Ceylon Tamil lawyer & first Mayor of Jaffna (1898-1964)

Samuel Ariaretnam Sabapathy (8 September 1898 - 12 February 1964 ) was a Ceylon Tamil lawyer and the first Mayor of Jaffna.

==Early life and family==
Sabapathy was born on 8 September 1898. He was the son of Kanagasabapathipillai from Varany and Annammah. His brother S. Kulendran was Bishop of Jaffna. Sabapathy was educated at St. John's College, Jaffna where he was head prefect, captain of the cricket team and member of the football team.

Sabapathy married Kanakeswary, daughter of Nagalingam from Tholpuram. They had a daughter (Padmini).

==Career==
Sabapathy joined the legal profession after finishing his education, becoming a proctor specialising in criminal law. He practised law in Jaffna.
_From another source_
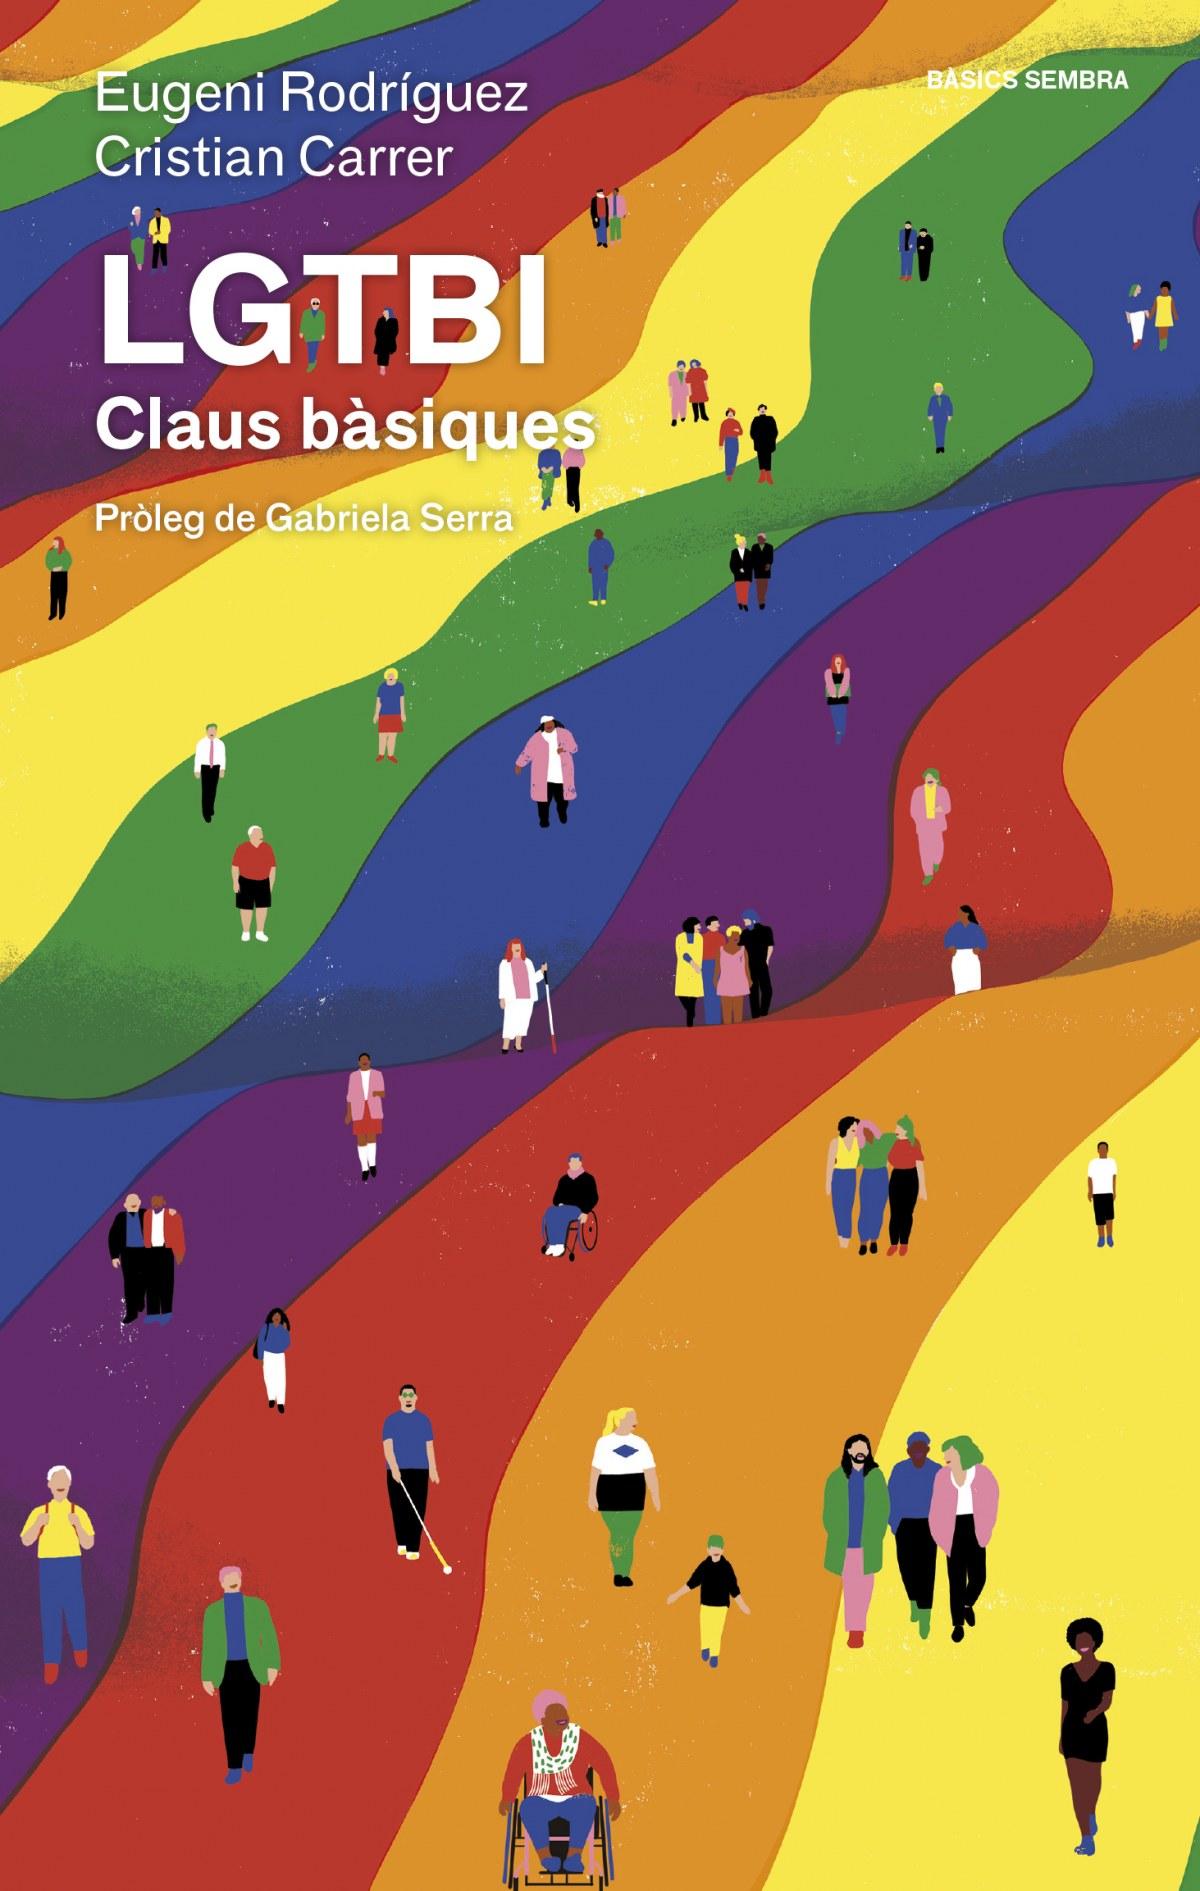 LGTBI CLAUS BASIQUES
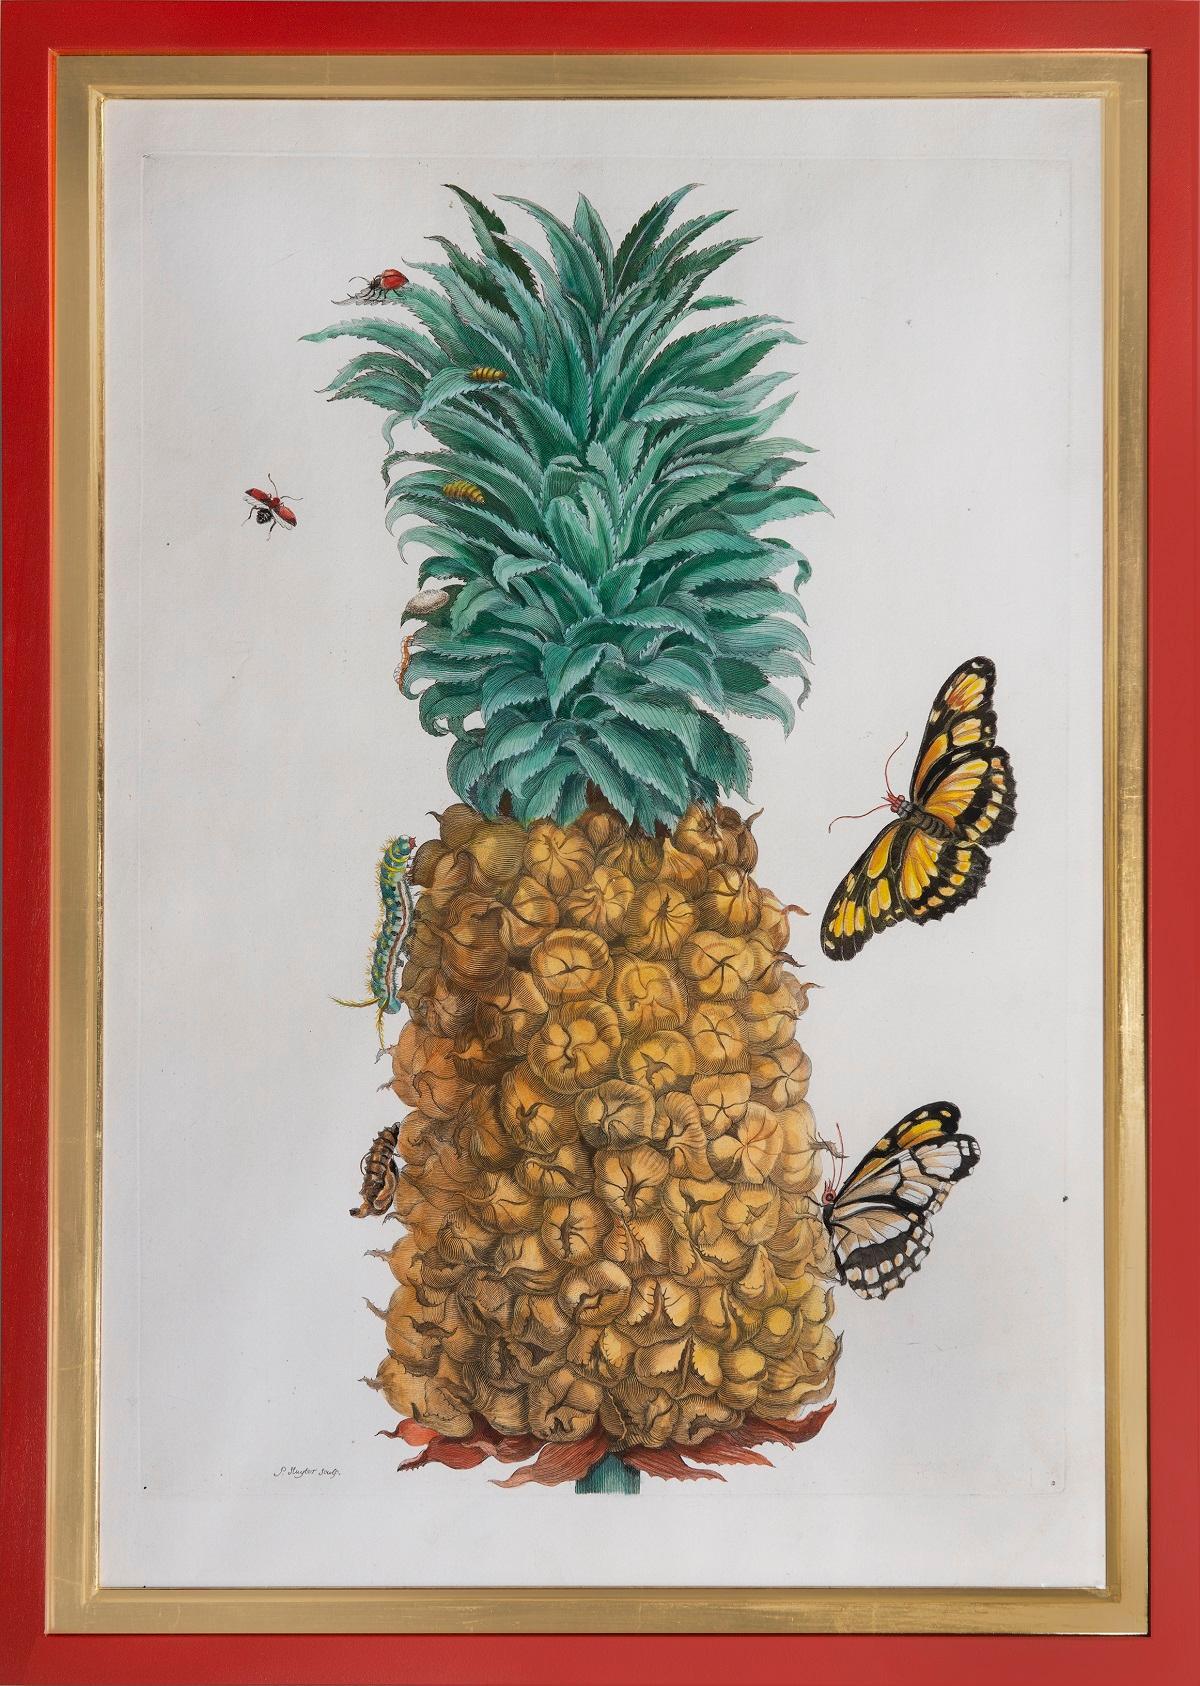 The Pineapple Fruit.

Sabapathy was elected to Jaffna Urban Council, serving as its chairman between 1937 and 1939. Jaffna was given municipality status in 1949 and Sabapathy became the city's first mayor. He is credited with creation of Jaffna Public Library, Subramaniam Park and Health Centre/Maternity Clinic. Sabapathy laid the foundation stone for the library on 29 March 1953.

==Death==
Sabapathy died on 12 February 1964.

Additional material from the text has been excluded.